## [Task to carry out]
What is wanted is every line below from the one with "Assisi in Umbrië, Italië" up to and including the one with "Loon comune o", retyped exactly, pictures excluded, nothing else.

## [Material for the task]

***

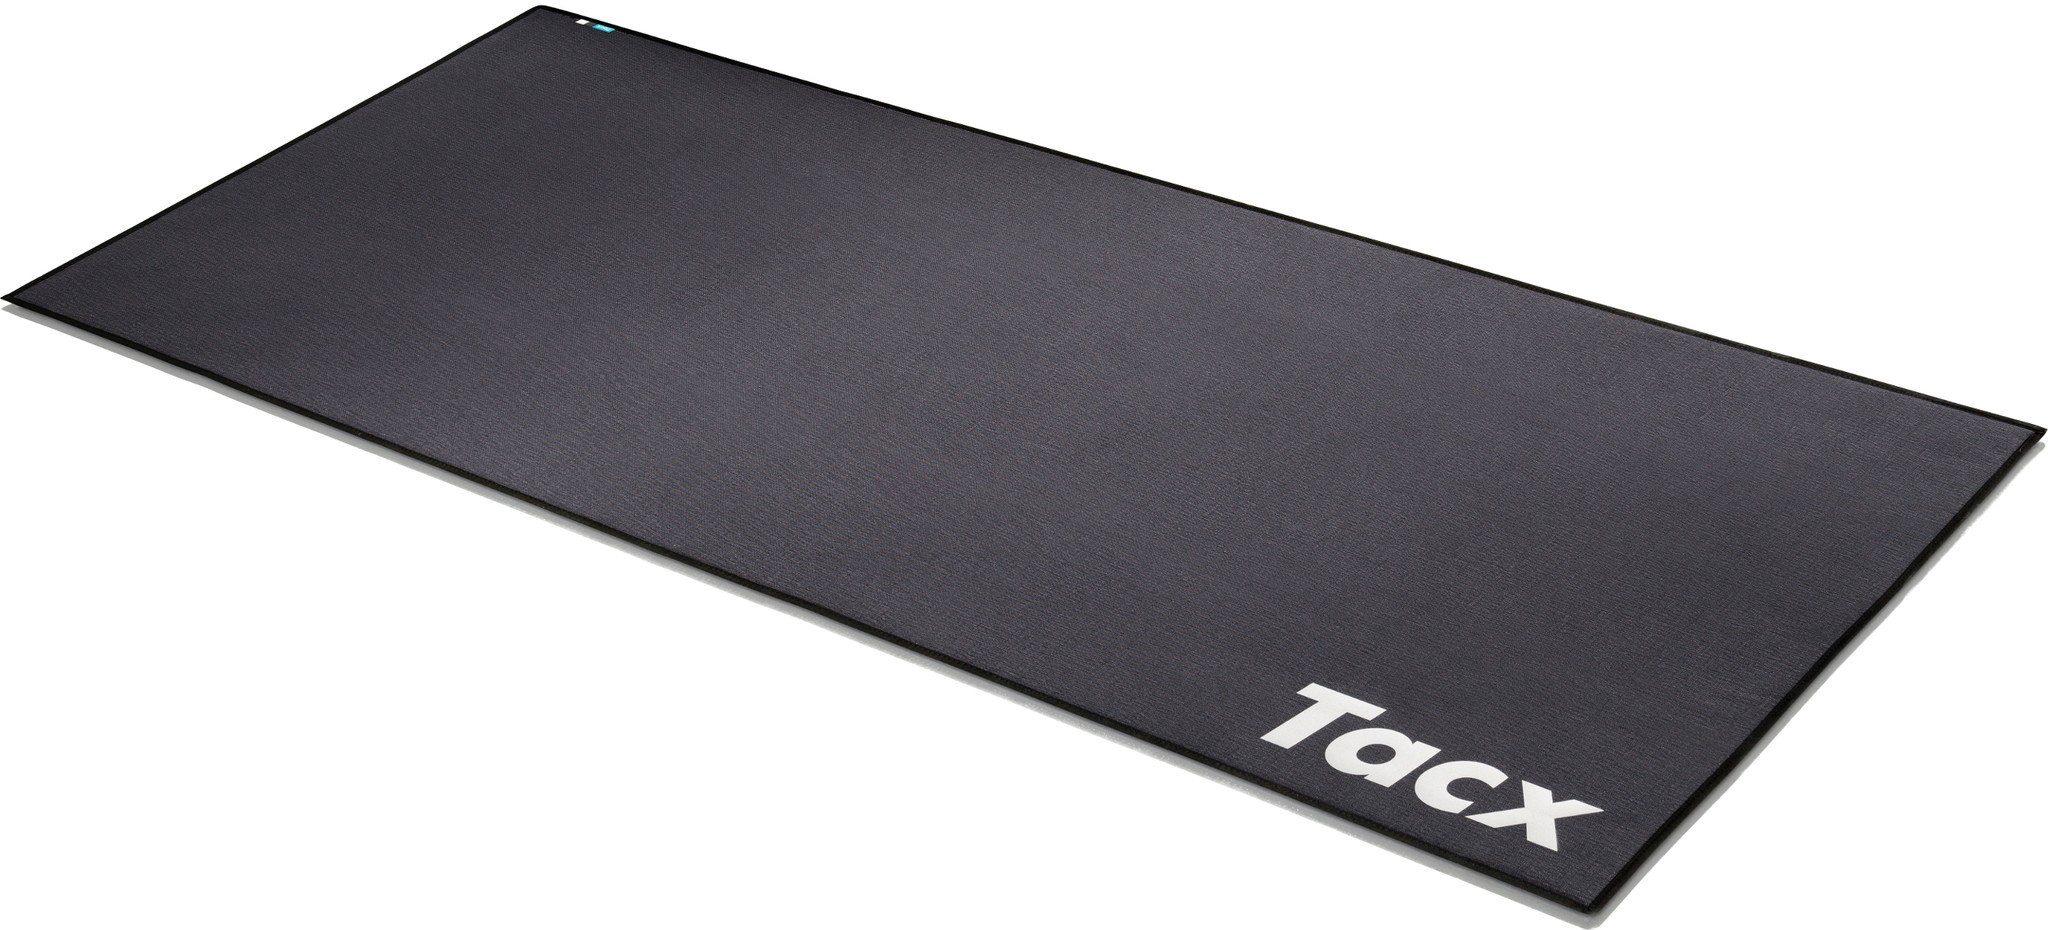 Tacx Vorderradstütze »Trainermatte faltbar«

***

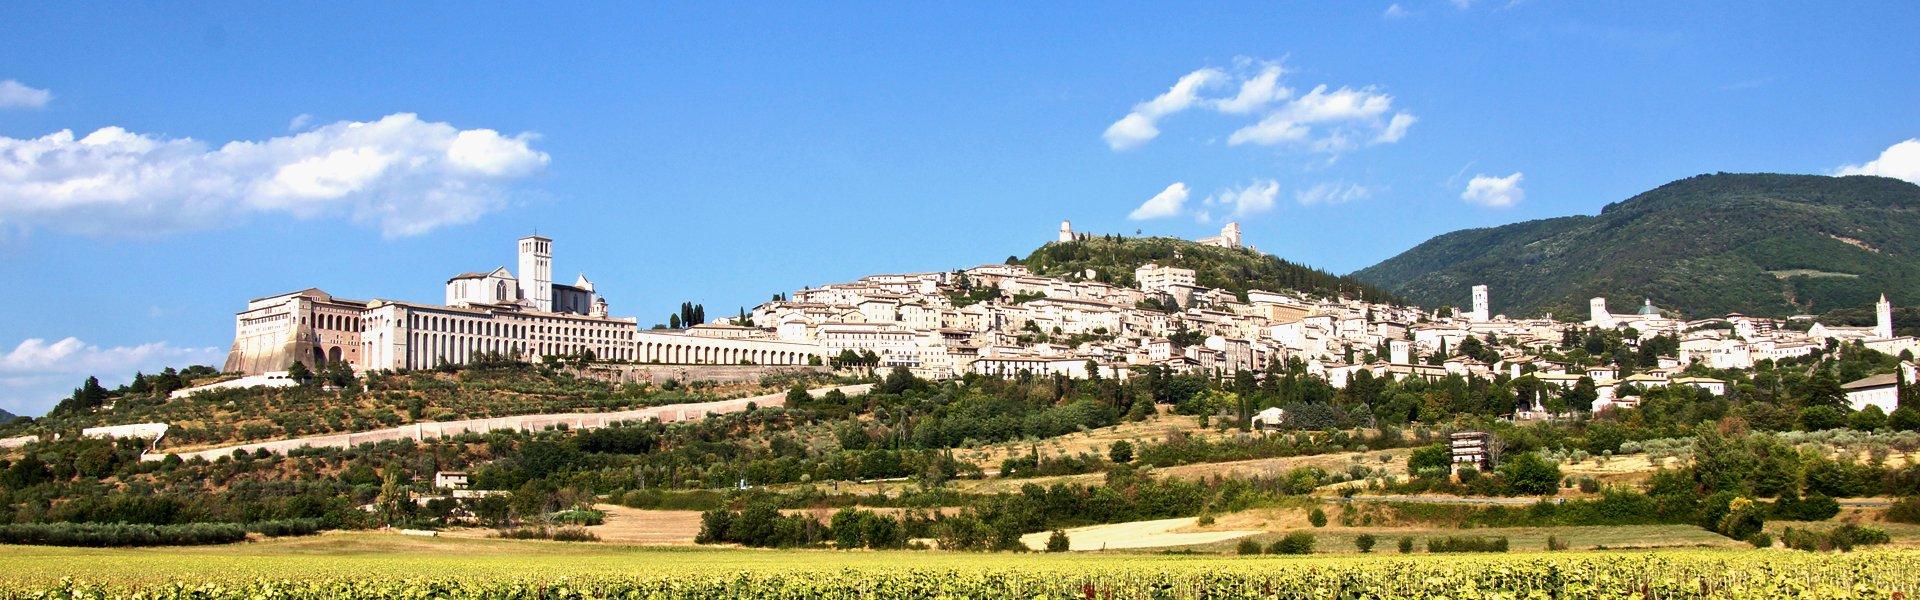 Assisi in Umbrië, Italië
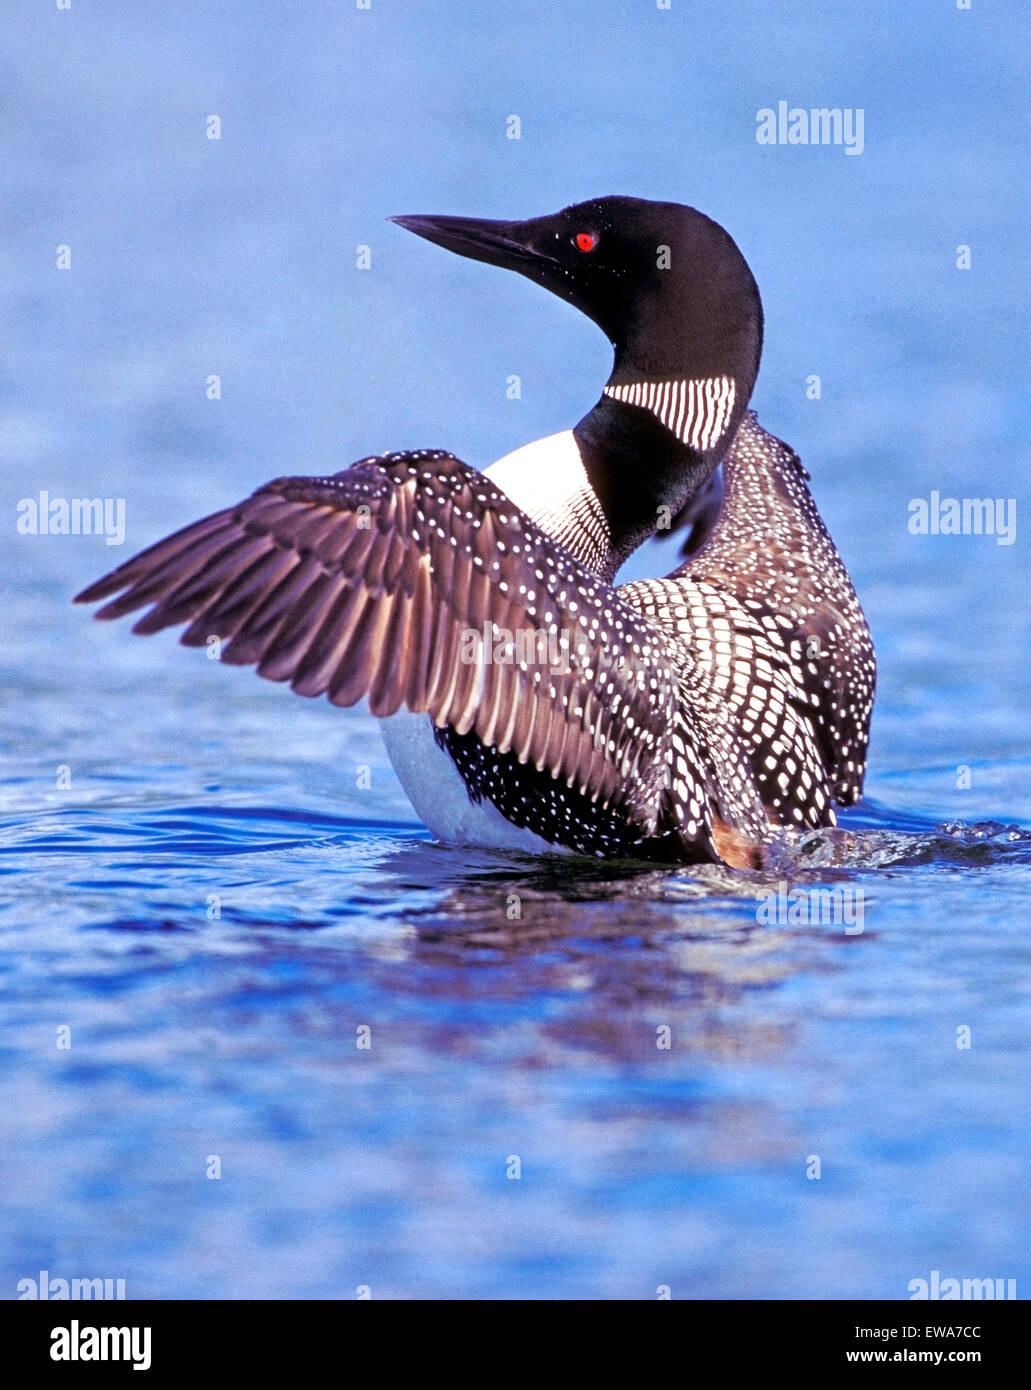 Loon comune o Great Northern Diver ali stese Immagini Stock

***

## [Answer box]
 Assisi in Umbrië, Italië
 Loon comune o Great Northern Diver ali stese Immagini Stock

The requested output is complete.